I never took a penny, he mouthed. “I did favors. I helped people. The whole case against me turns on whether I accepted money. I never did. And if you want to know my justification, it was for fun I did it,” he told him softly.

He spoke again in his normal voice. “According to your records, Warden, I accepted money from a Mrs. Jerome Herbert for arranging an interview with a judge who was to hear a case against her husband. Mrs. Herbert had a charge account at my store. We had just installed a new billing system. She received an unitemized bill for five hundred dollars, which she paid with a personal check made out to me. God knows what she bought from me for five hundred dollars, but it wasn’t an interview with any judge. God knows, too, why she would pay an unitemized bill or why she would make the check out to me, but that’s what happened. That’s why I’m here now. It was the machine’s mistake.”

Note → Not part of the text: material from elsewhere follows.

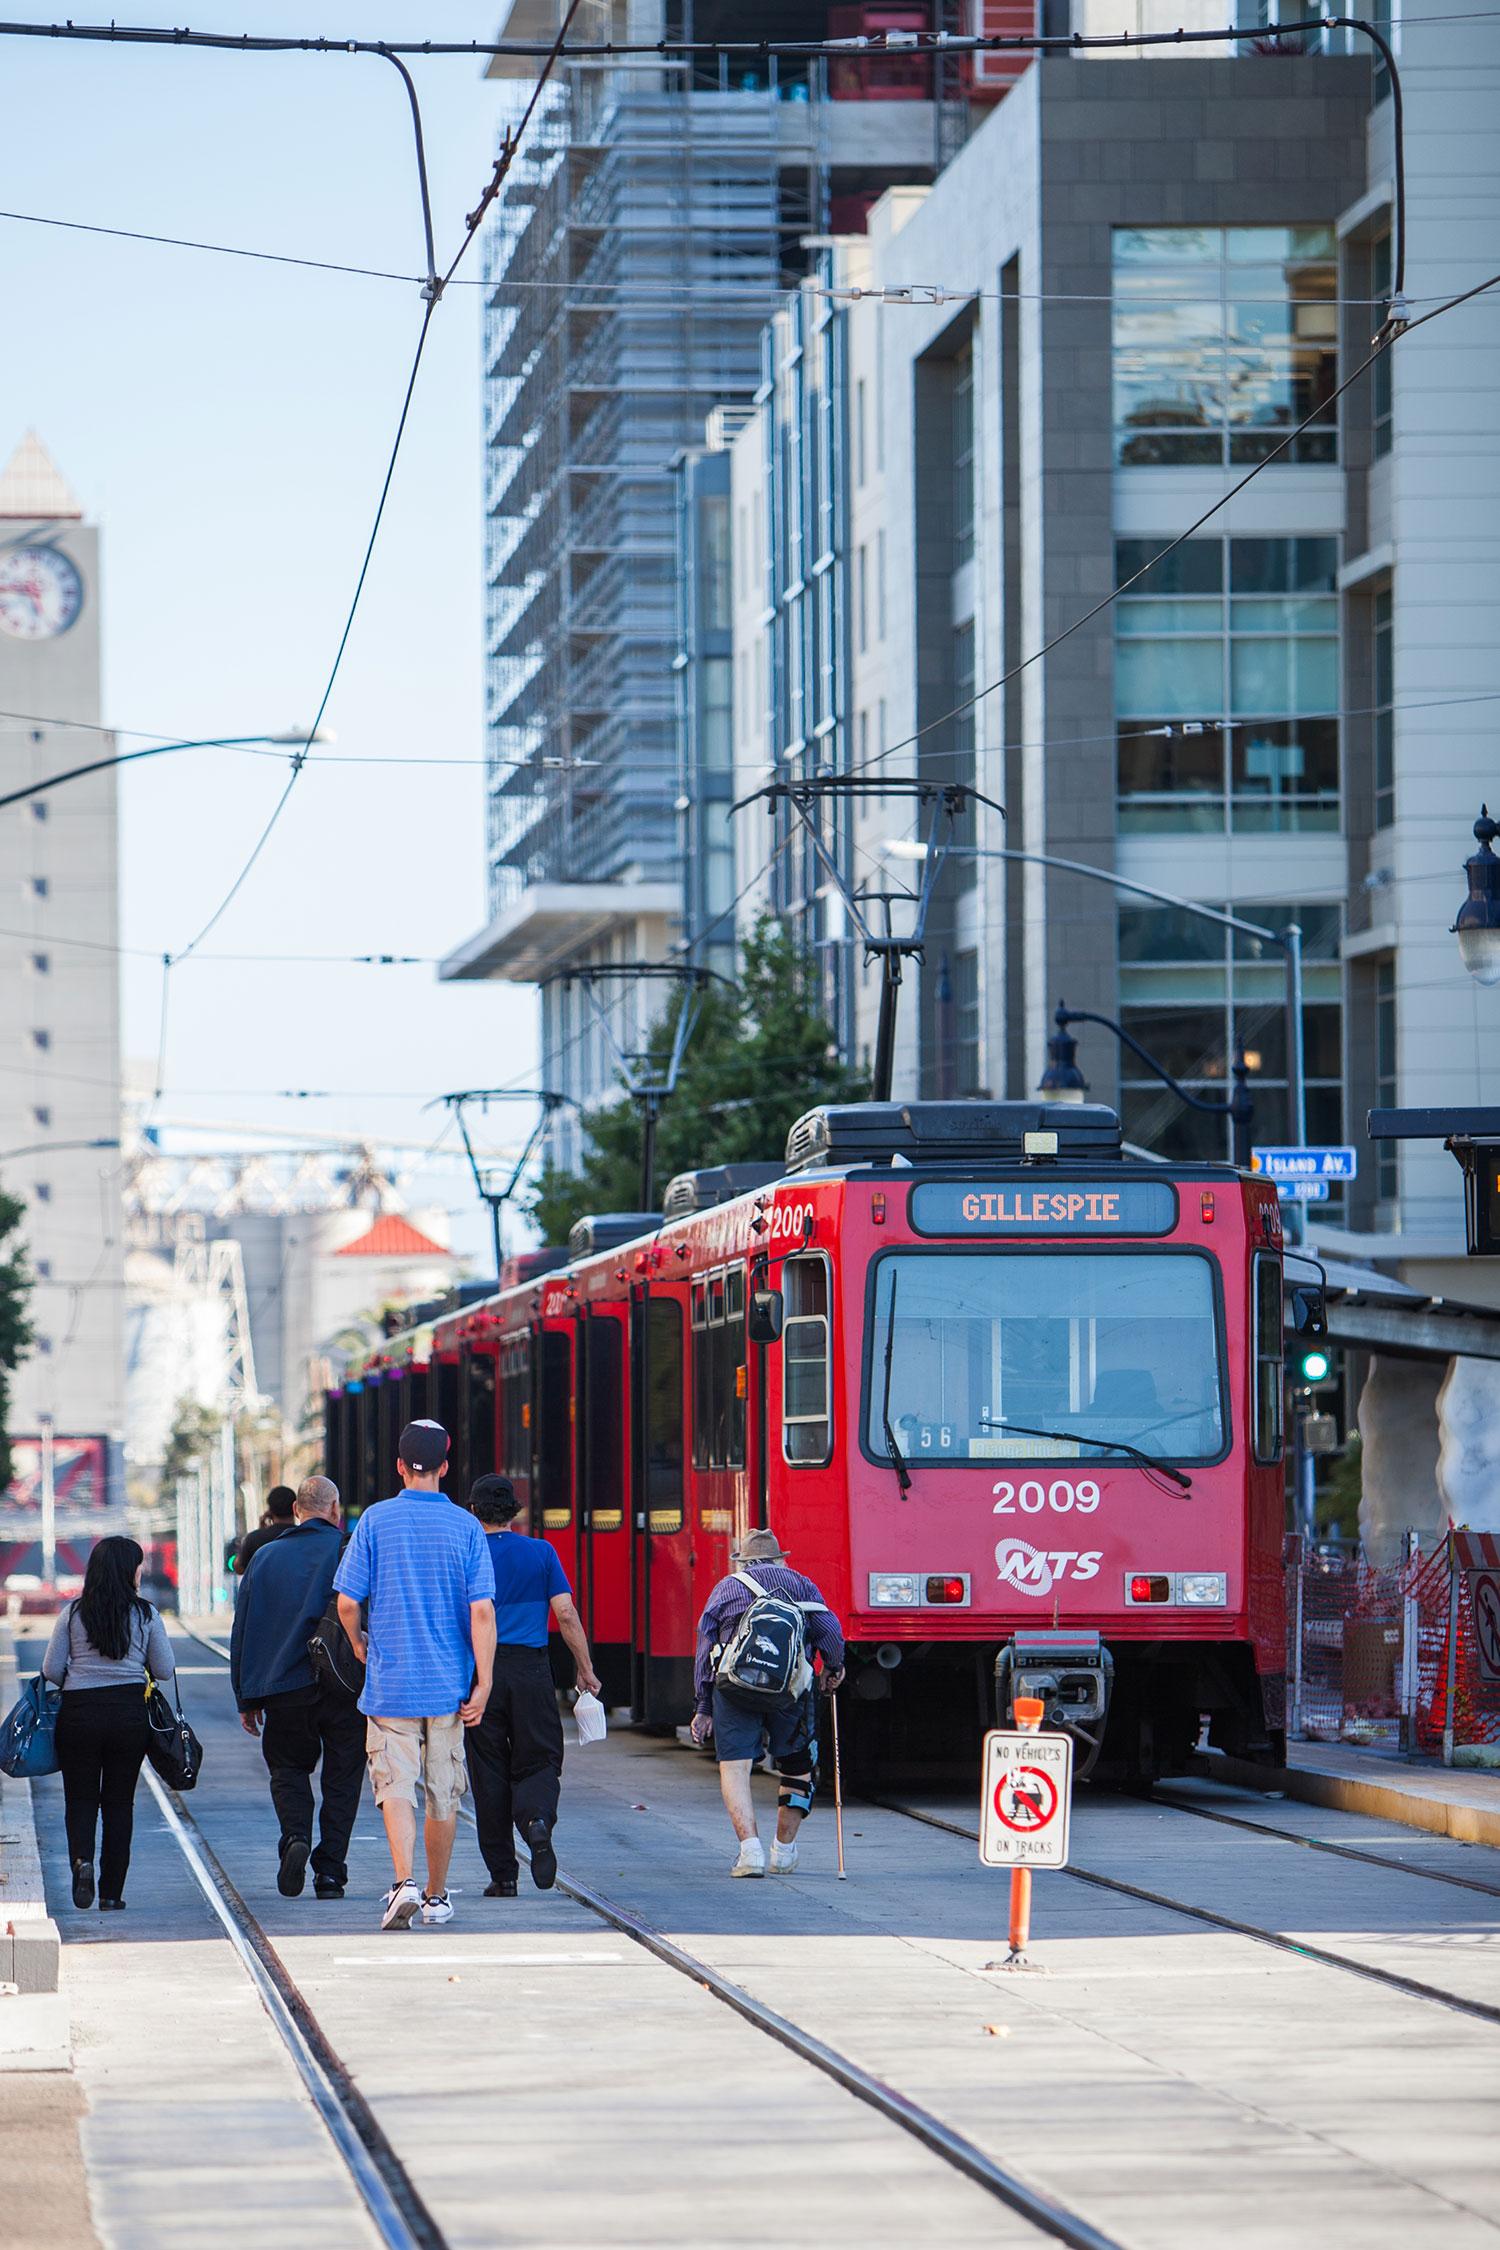 miriello-grafico-MTS-San-Diego-Transportation-bus-trolley-rapid-branding-agency-23.jpg

“I smell you,” the warden said quietly.

“What?” Feldman asked. “What’s that?”

“I smell you.”

The pee, Feldman thought, embarrassed. He looked down at his pants and touched one palm of his trouser leg. It was still damp. The altitude — pee didn’t dry. That deputy bastard.

“I told you,” Feldman said, “you want evidence? There’s evidence. Send my piss to your crime lab.”

The warden moved suddenly and grabbed Feldman’s trousers, bunching the damp material in his fist, squeezing it. “That,” he said, “that’s nothing. I smell you .”

“What do you mean?” Feldman said, genuinely angry. “What kind of thing is that to say? What kind of way is that for a warden to talk? The deputy was ignorant, but you’re supposed to know better. I won’t be insulted by you, by someone in authority. I’m warning you. I have plenty of friends in this state.”

“You still think this is a game, don’t you?” the warden said. “You still think some philosophical cat and mouse is going on here. You bad clown, you wicked fool with your nonsensical impersonations and your miming and your boastful confessions. You bad, silly man, this is no game. Can you understand? You’re here for a year in this state’s licensed penitentiary, and it’s no game. There are no tape recorders. When I want you to confess I’ll have you beaten up and you’ll confess. Do you understand?”